- What you need to do
The listing below should be printed exactly, every line of it. Skip the pictures.

== Records for this exercise ==

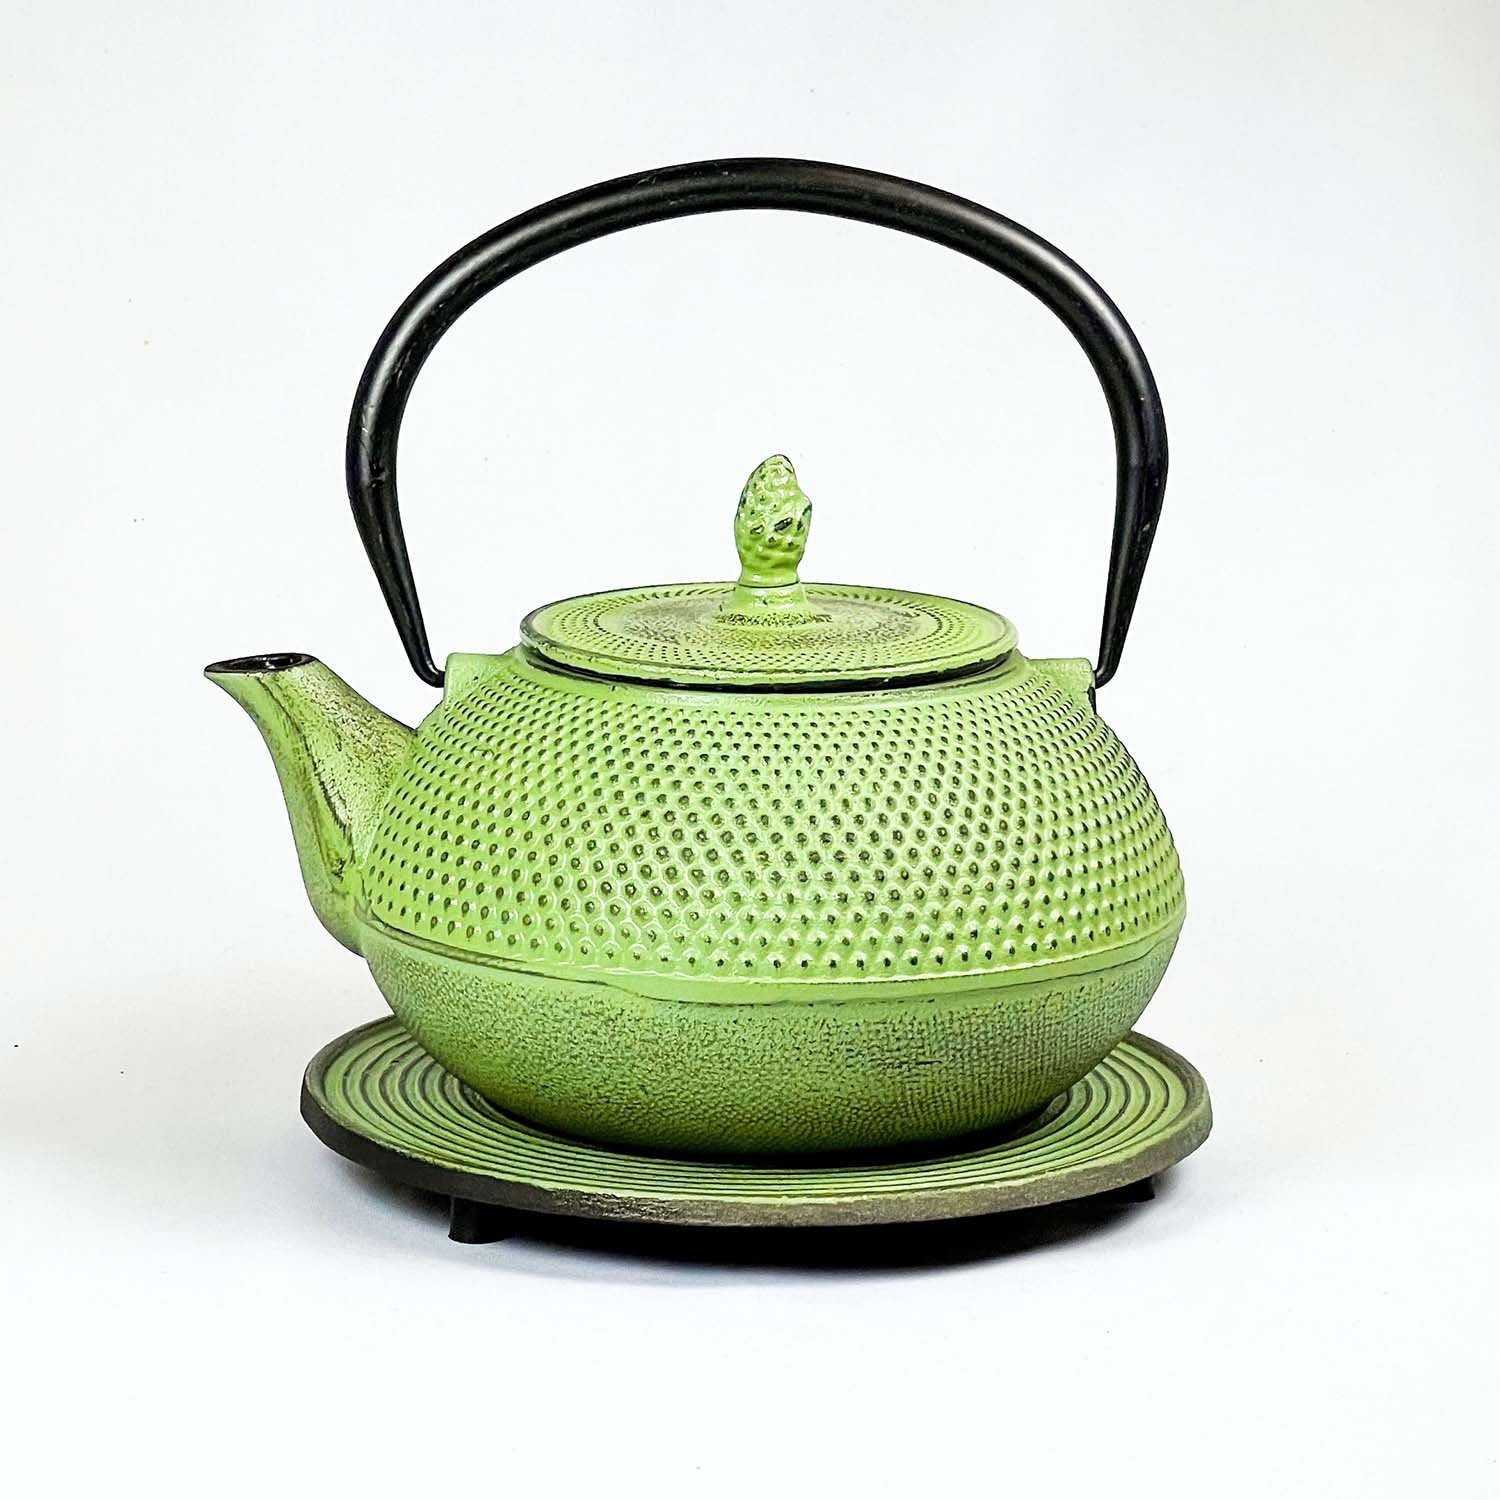 JA-UNENDLICH Teekanne Basic grün, 1.2 l, aus Gusseisen handgefertigt im Sandgussverfahren, innen emailliert Olive
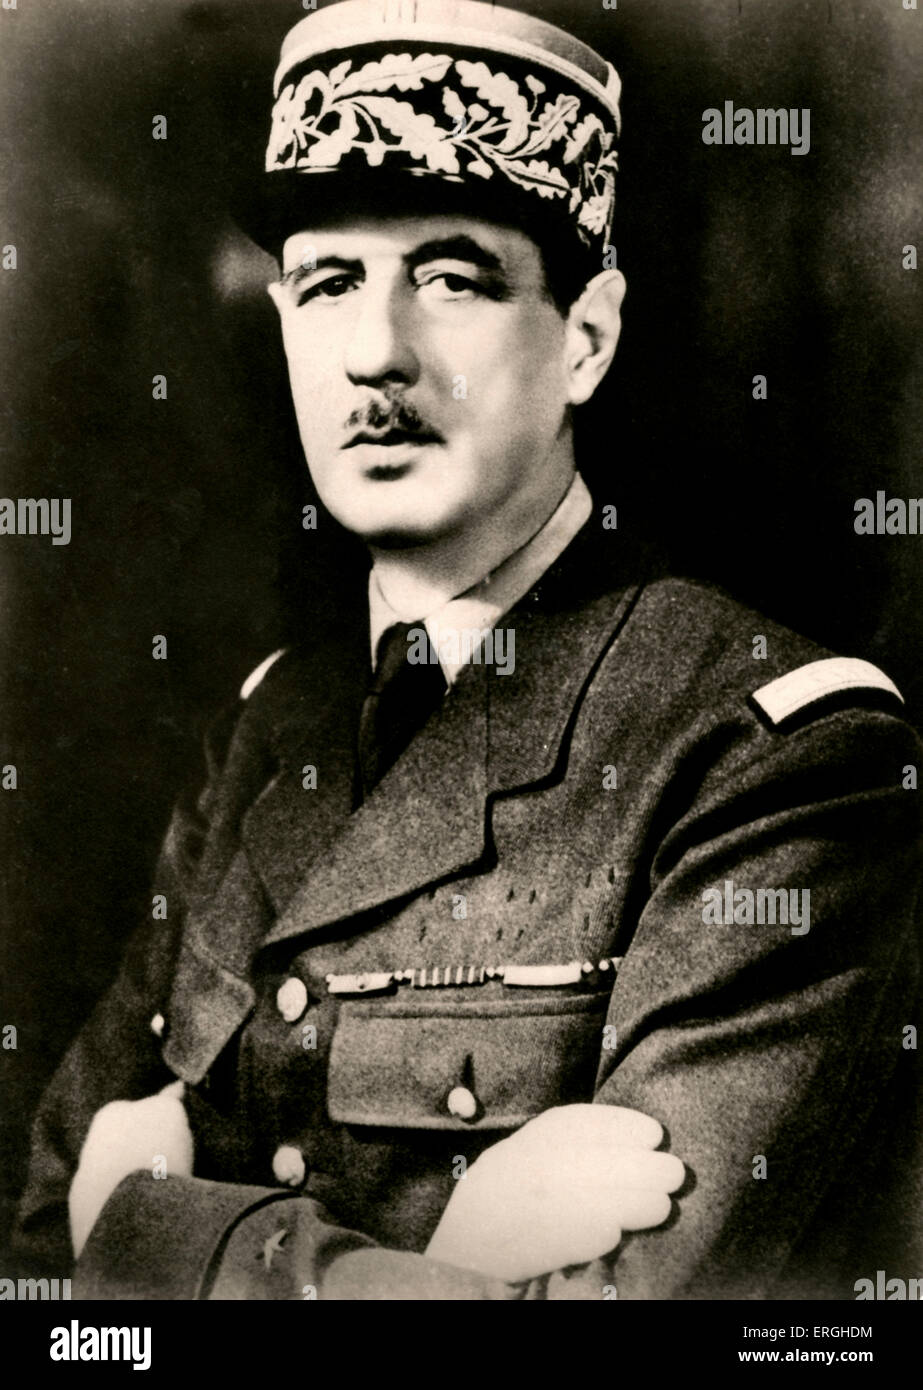 Charles de Gaulle - portrait. Le général français des Forces françaises libres (Forces françaises libres) pendant la Seconde Guerre mondiale, et 2 Banque D'Images
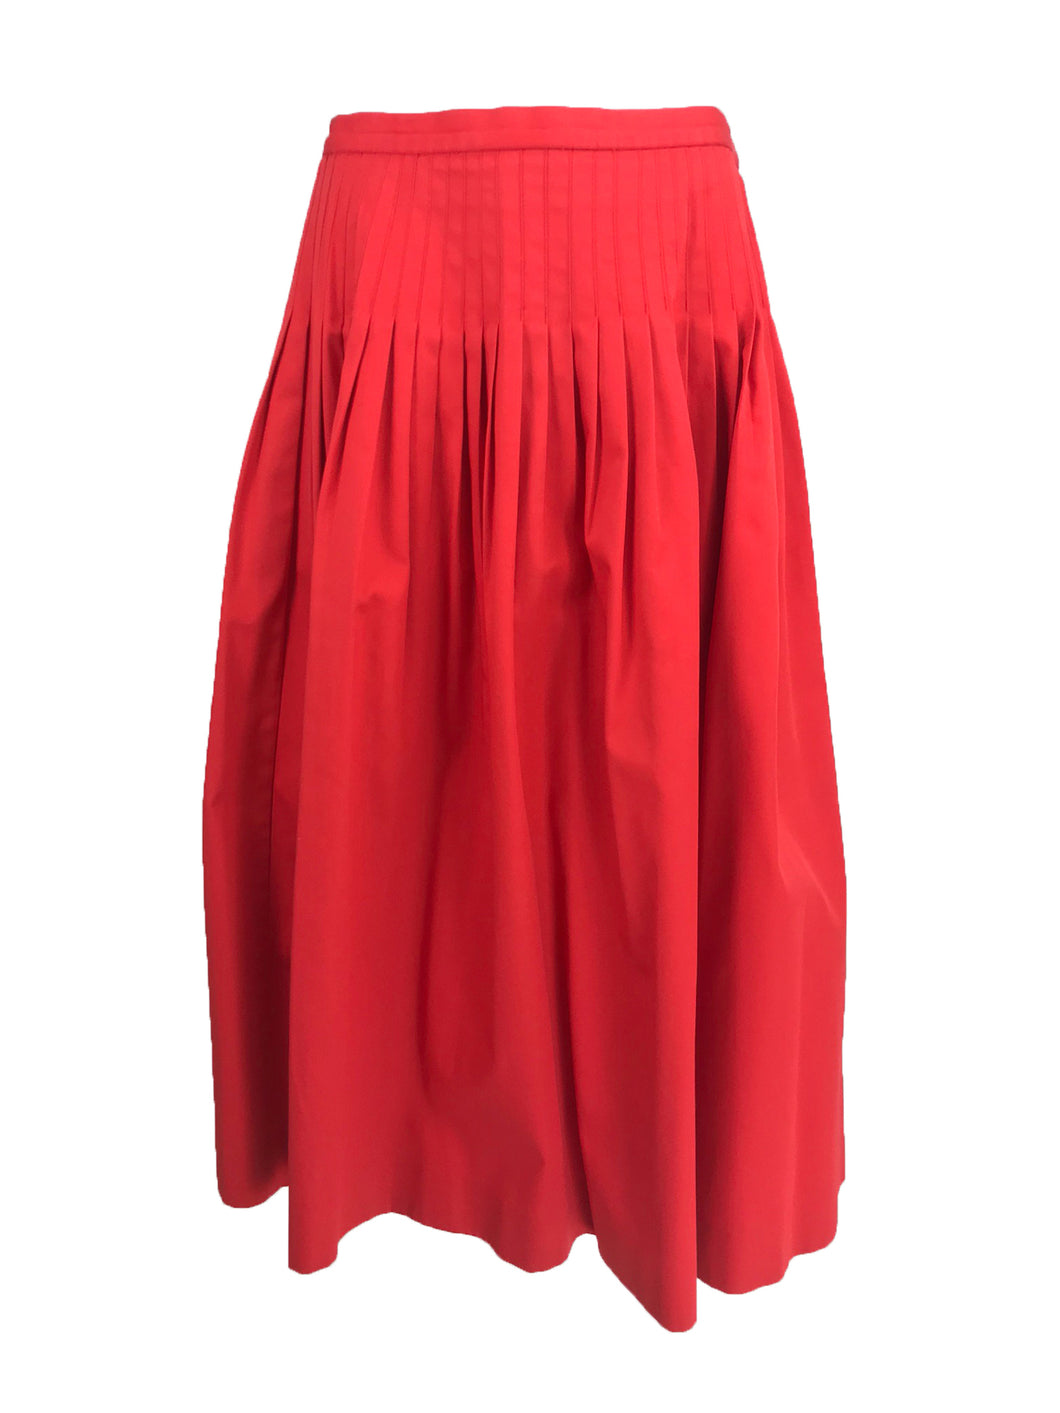 Vintage Yves Saint Laurent Tomato Red Cotton Full Pleated Skirt 1970s
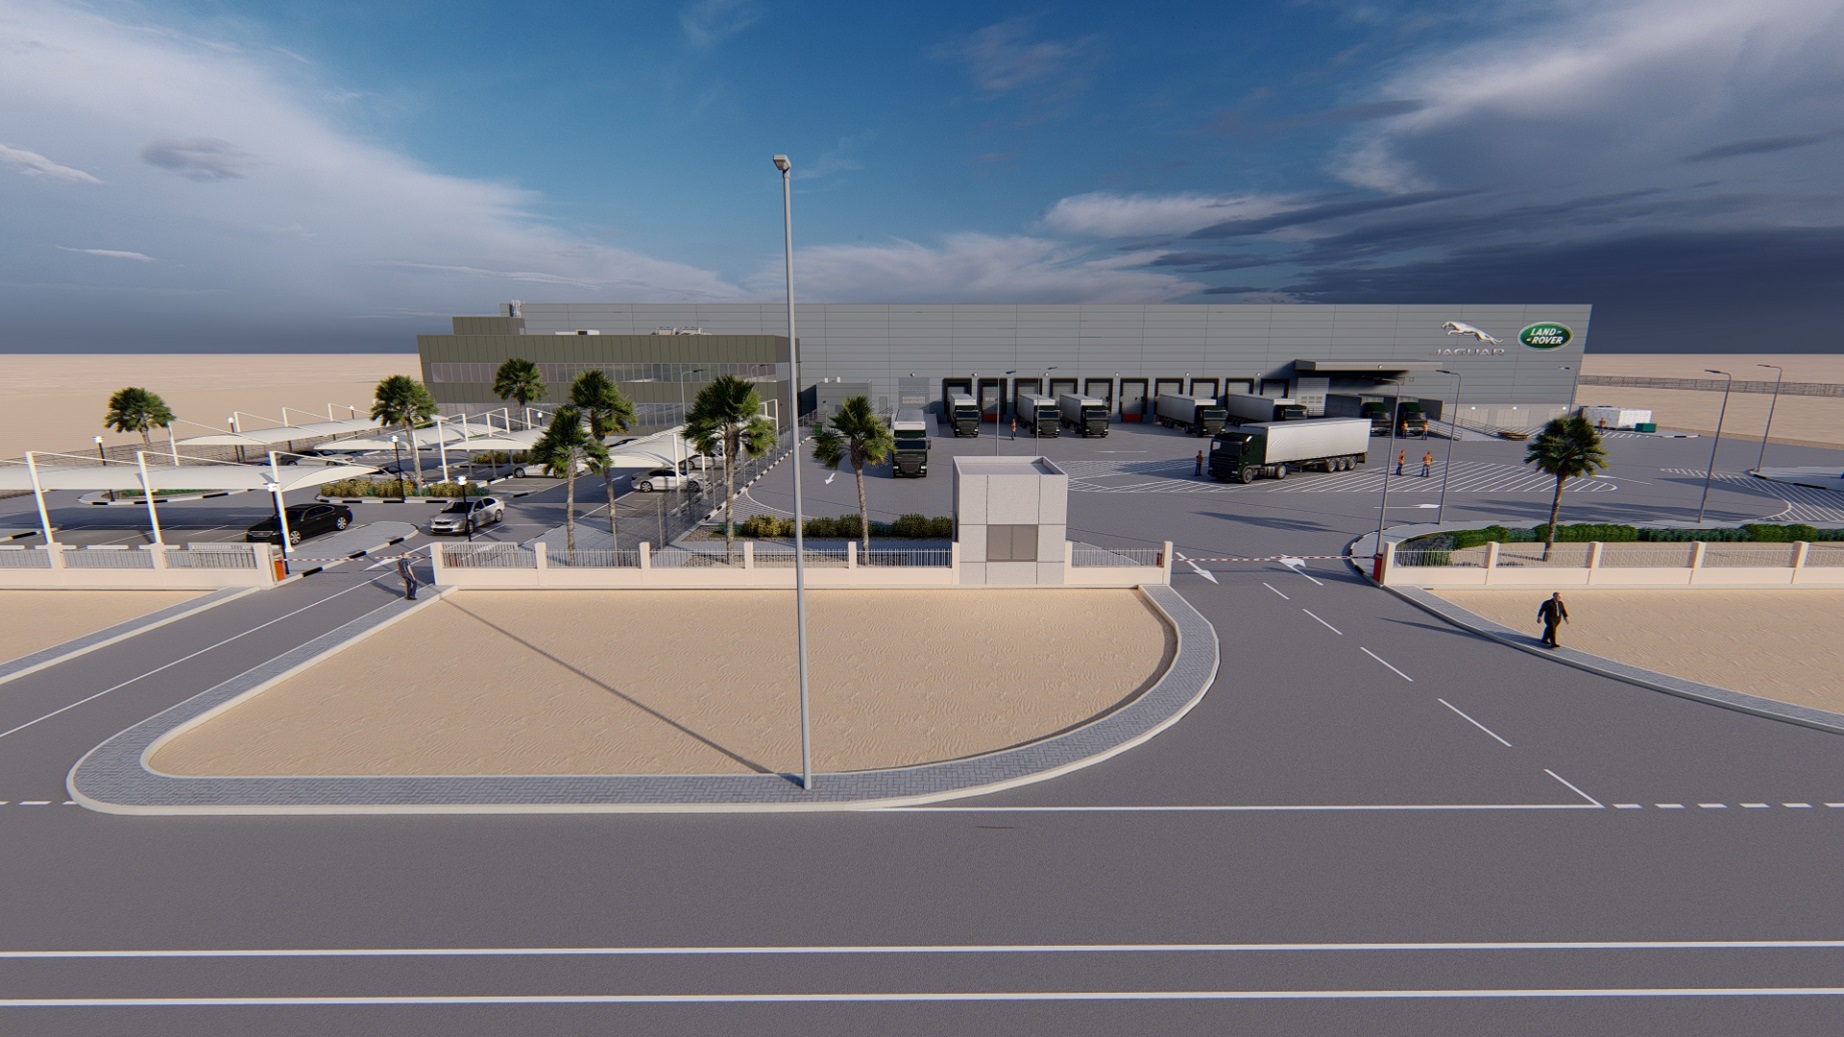 "جاكوار لاند روڤر" تنشئ مركزاً جديداً لتوزيع قطع السيارات بمساحة 19,000 متر مربع في منطقة جبل علي في دبي
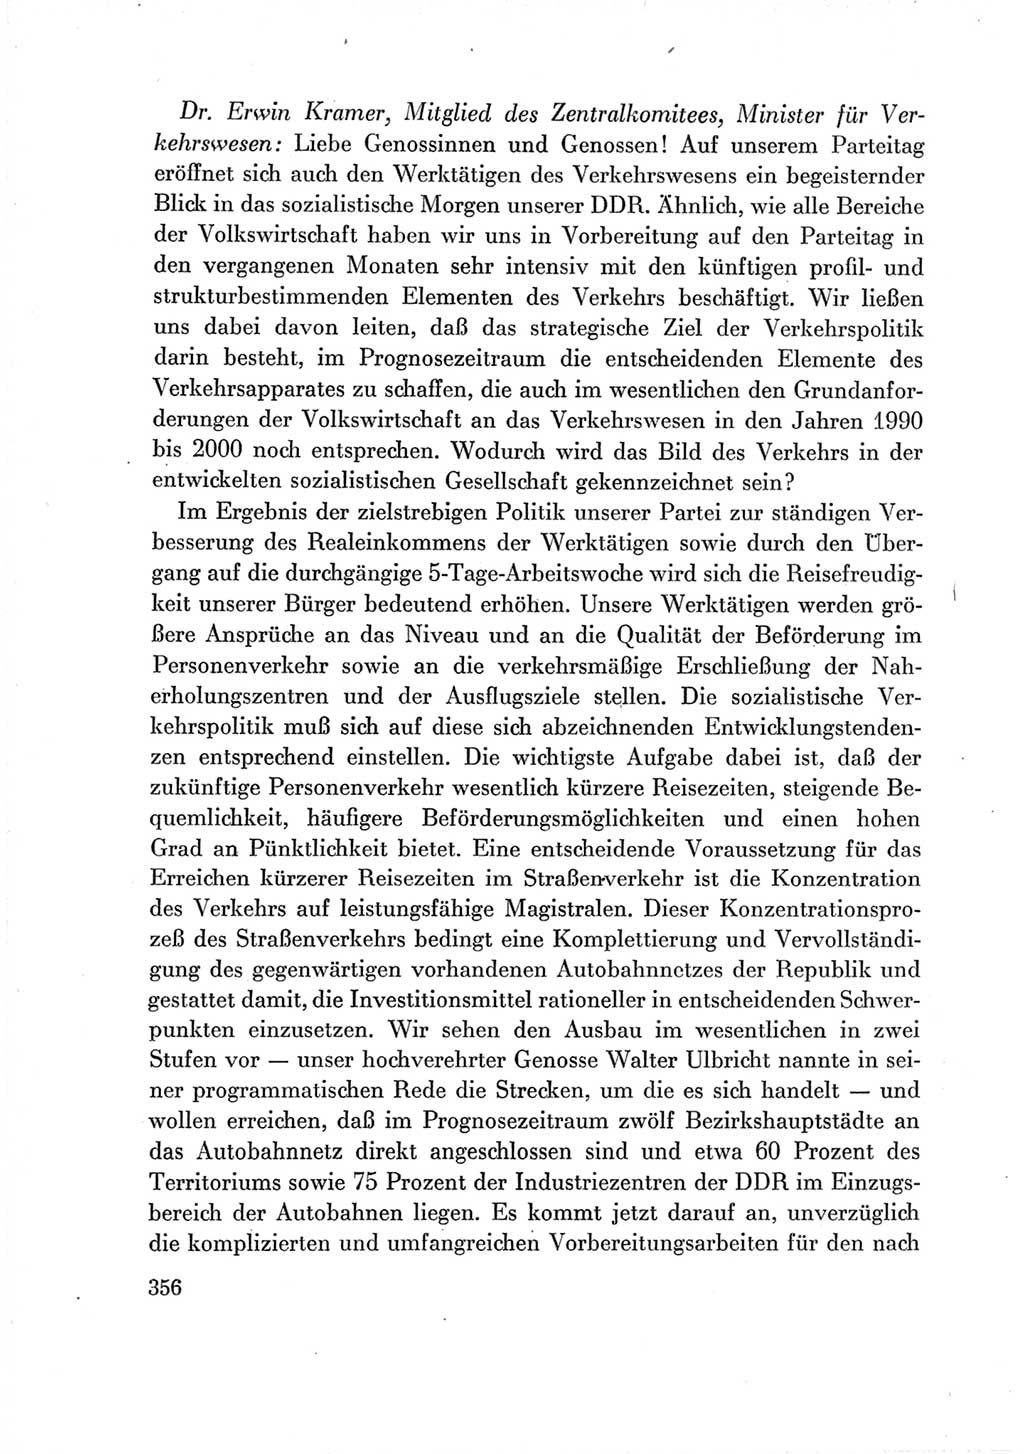 Protokoll der Verhandlungen des Ⅶ. Parteitages der Sozialistischen Einheitspartei Deutschlands (SED) [Deutsche Demokratische Republik (DDR)] 1967, Band Ⅲ, Seite 356 (Prot. Verh. Ⅶ. PT SED DDR 1967, Bd. Ⅲ, S. 356)

===

- Solution to the problem
 JA-UNENDLICH Teekanne Basic grün, 1.2 l, aus Gusseisen handgefertigt im Sandgussverfahren, innen emailliert Olive
 Charles de Gaulle - portrait. Le général français des Forces françaises libres (Forces françaises libres) pendant la Seconde Guerre mondiale, et 2 Banque D'Images
 Vintage Yves Saint Laurent Tomato Red Cotton Full Pleated Skirt 1970s
 "جاكوار لاند روڤر" تنشئ مركزاً جديداً لتوزيع قطع السيارات بمساحة 19,000 متر مربع في منطقة جبل علي في دبي
 Protokoll der Verhandlungen des Ⅶ. Parteitages der Sozialistischen Einheitspartei Deutschlands (SED) [Deutsche Demokratische Republik (DDR)] 1967, Band Ⅲ, Seite 356 (Prot. Verh. Ⅶ. PT SED DDR 1967, Bd. Ⅲ, S. 356)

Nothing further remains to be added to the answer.